• _DATA BELOW_:

########

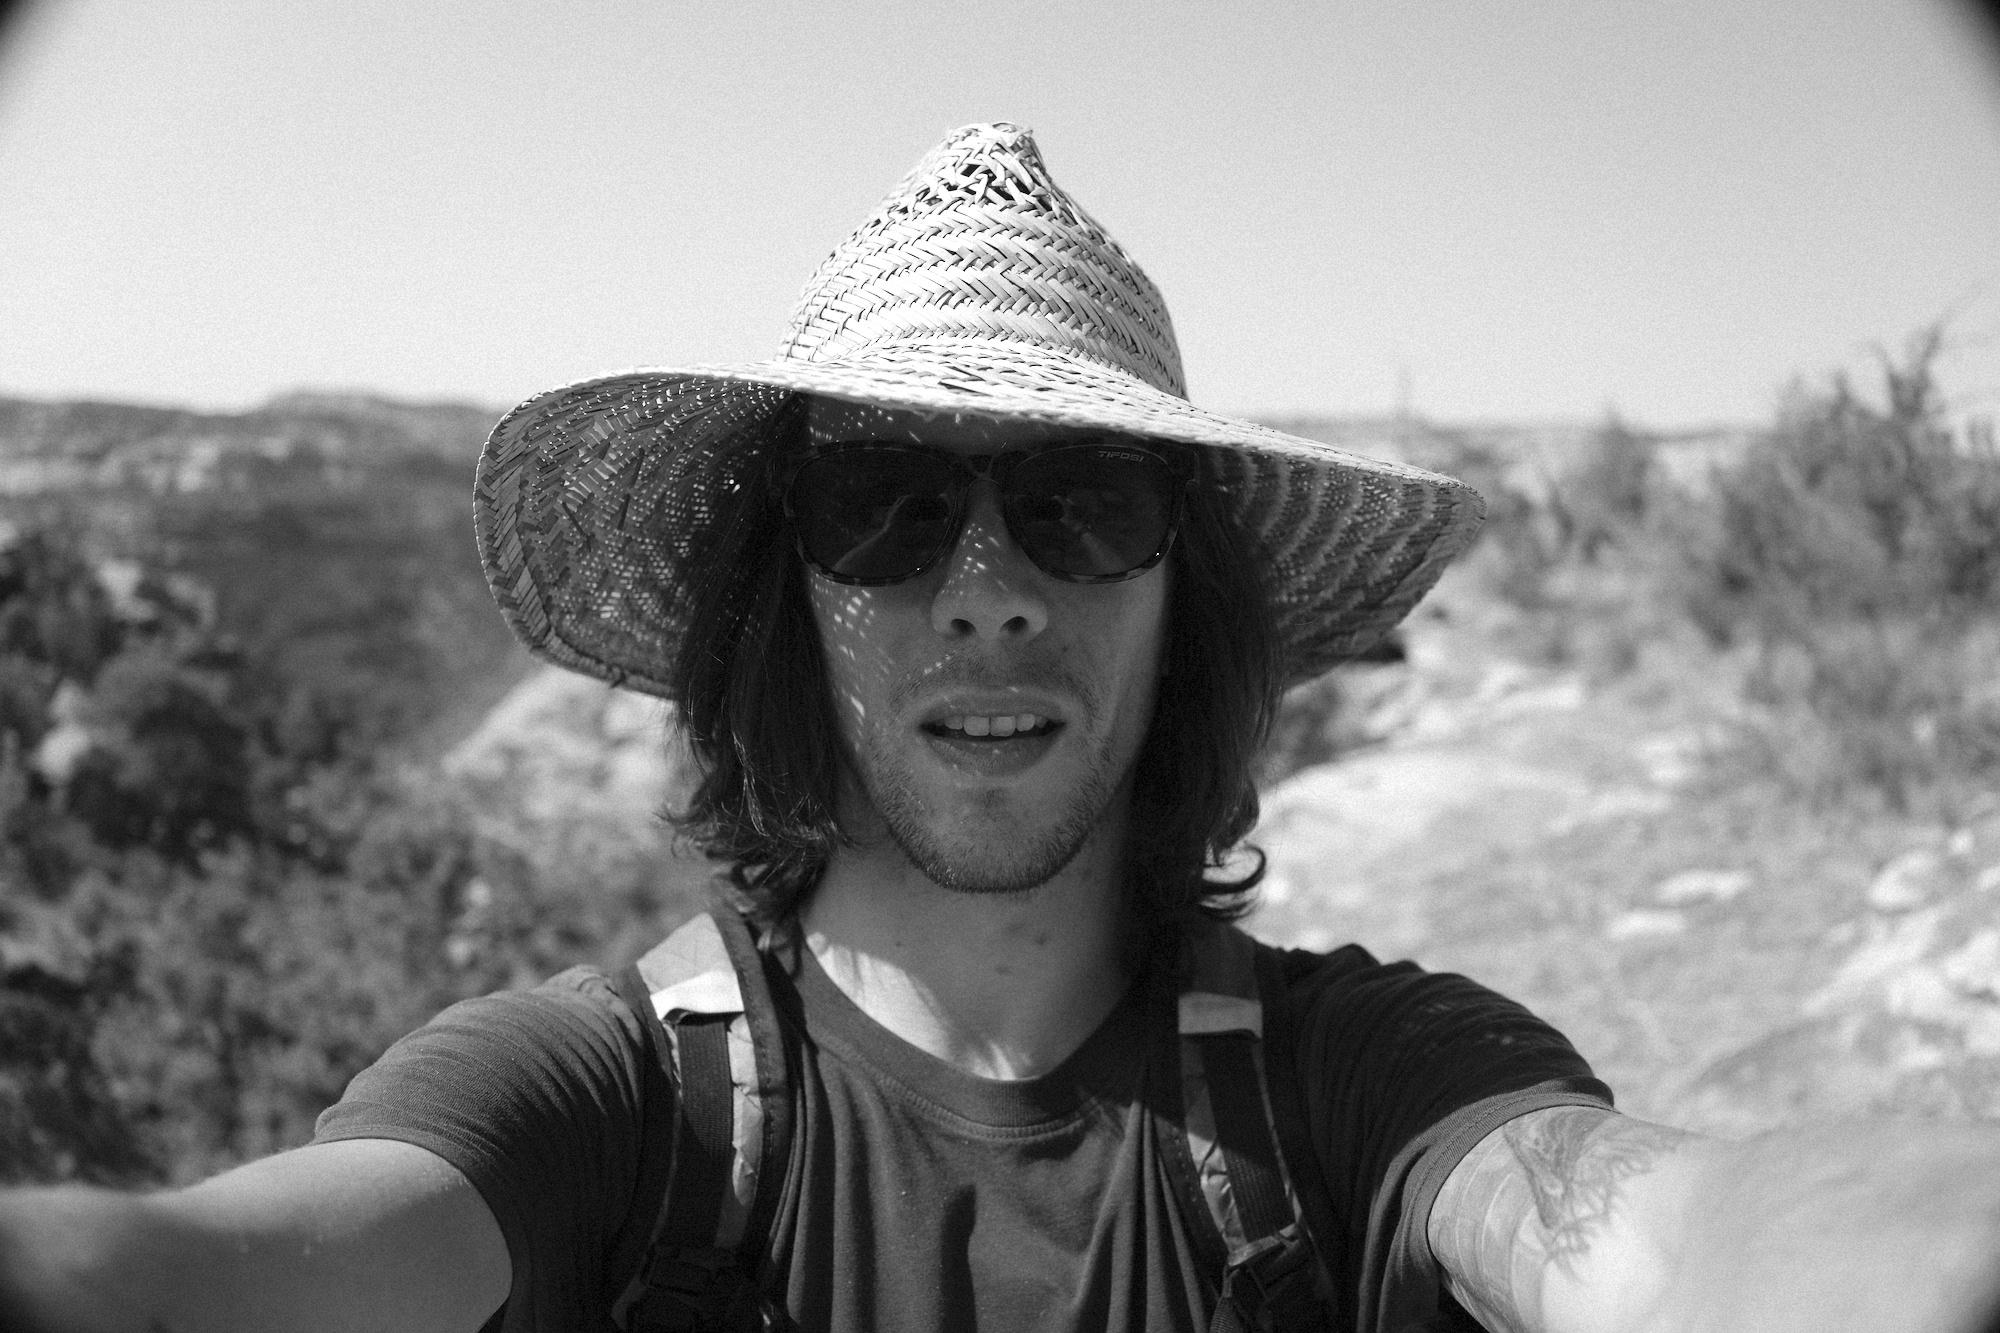 Colorado, self portrait, hiking, b&w
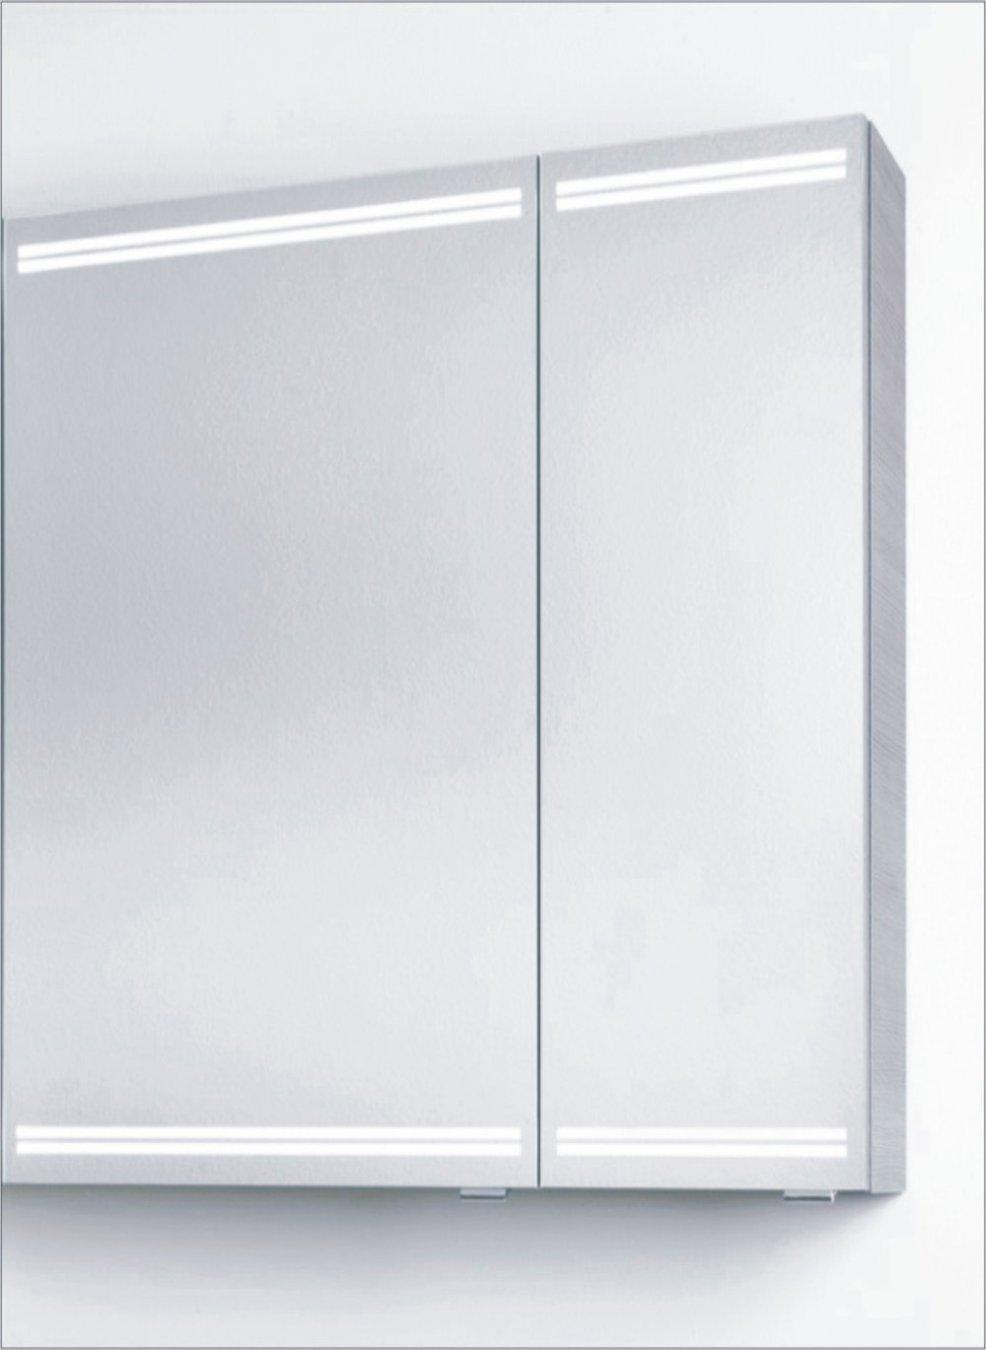 pelipal pcon spiegelschrank 70 cm g nstig online. Black Bedroom Furniture Sets. Home Design Ideas
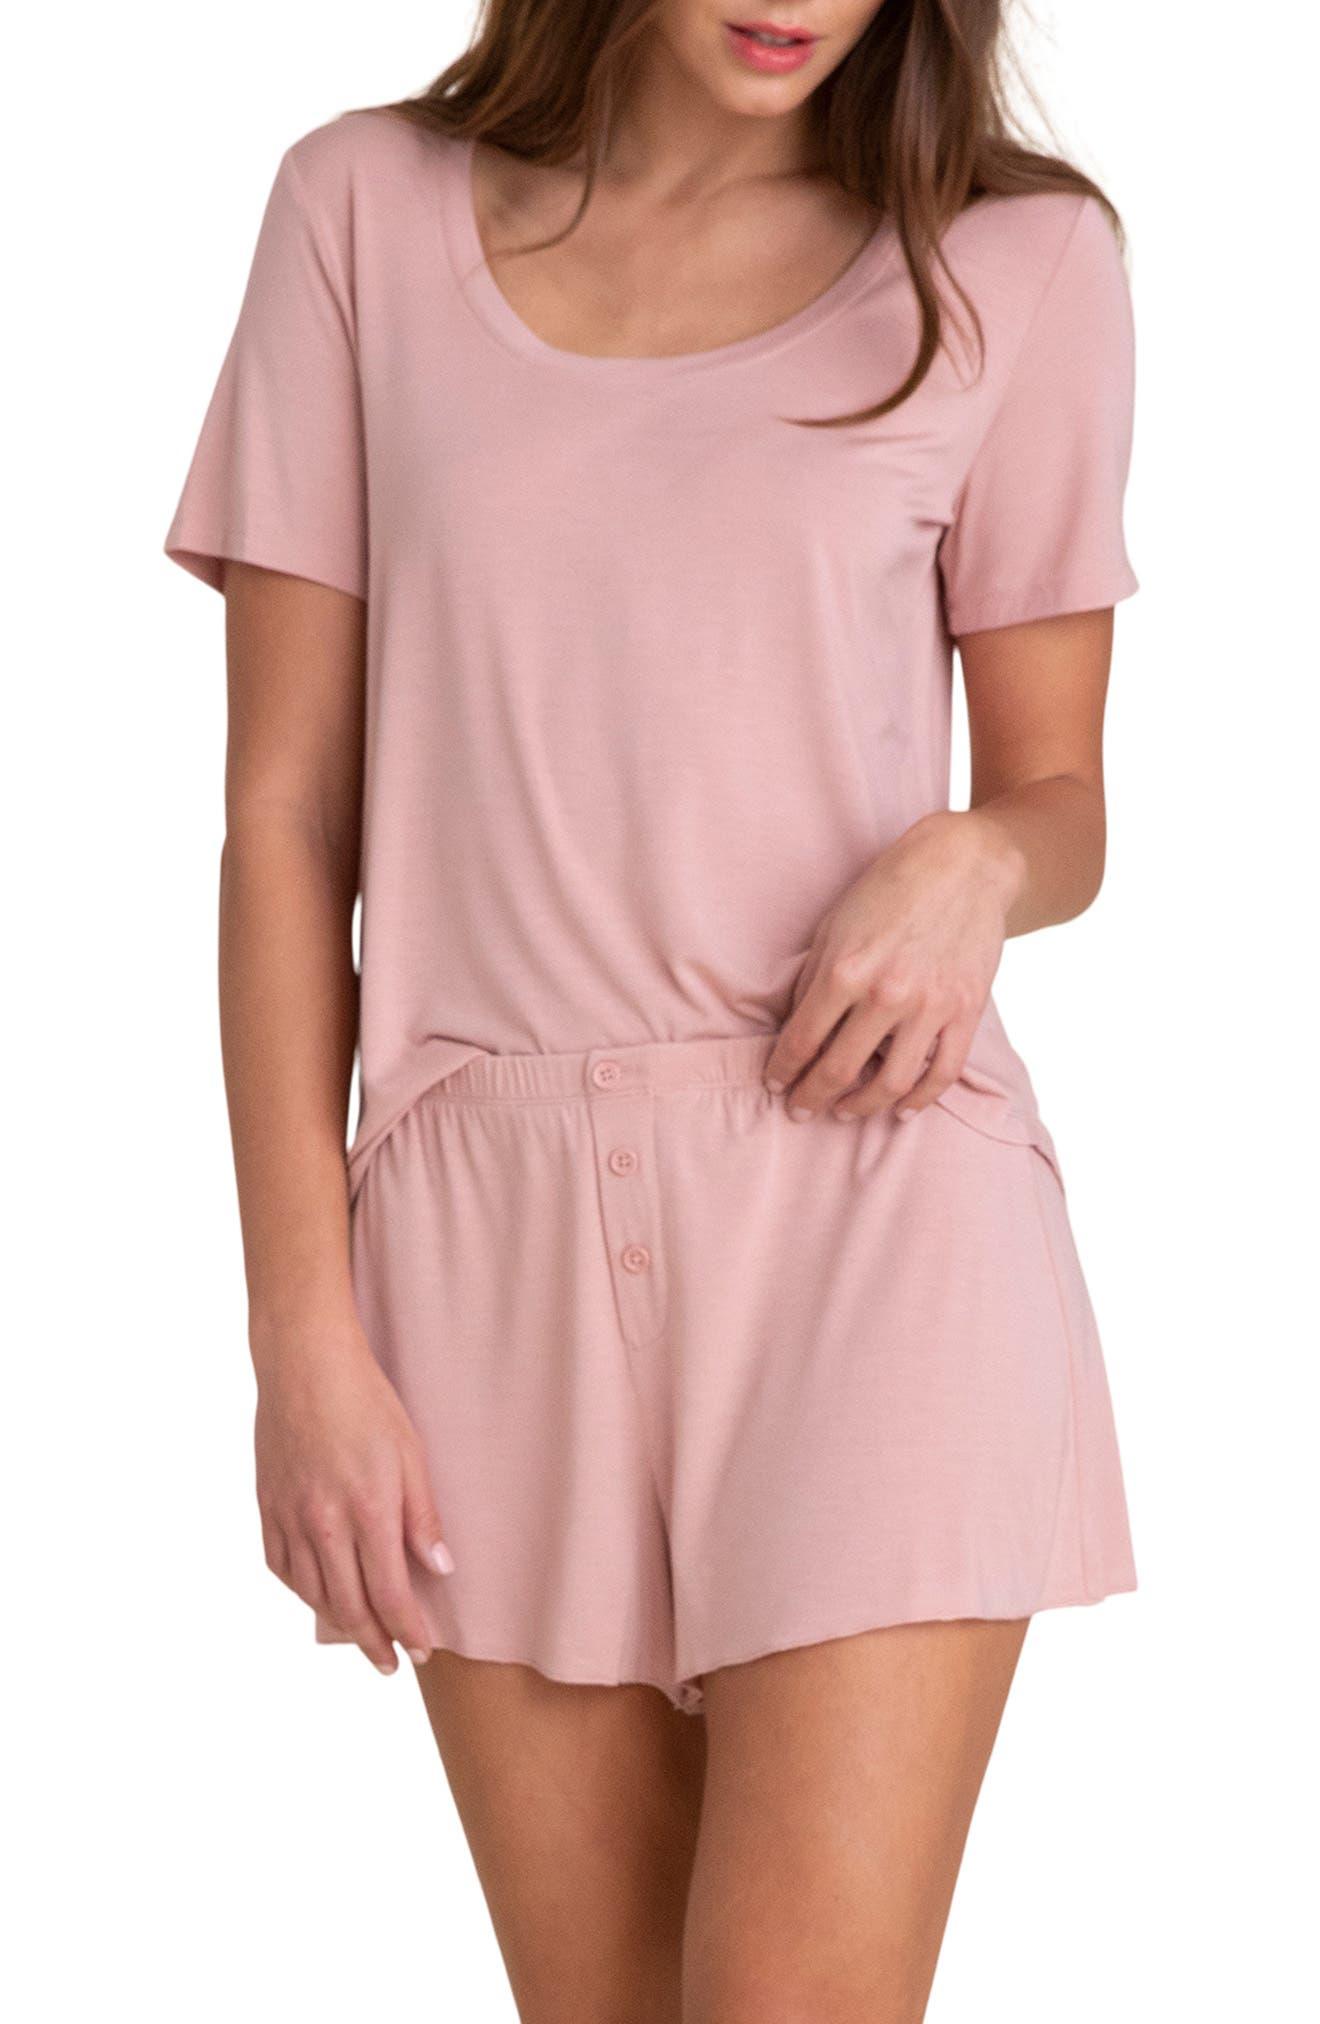 Women's Barefoot Dreams Luxe Jersey Short Pajamas

########

• _WHAT THE TASK ASKS_: Every line of the data above should be quoted exactly. Omit the pictures.

• _EXERCISE SOLUTION_:
 Colorado, self portrait, hiking, b&w
 pelipal pcon spiegelschrank 70 cm g nstig online. Black Bedroom Furniture Sets. Home Design Ideas
 Women's Barefoot Dreams Luxe Jersey Short Pajamas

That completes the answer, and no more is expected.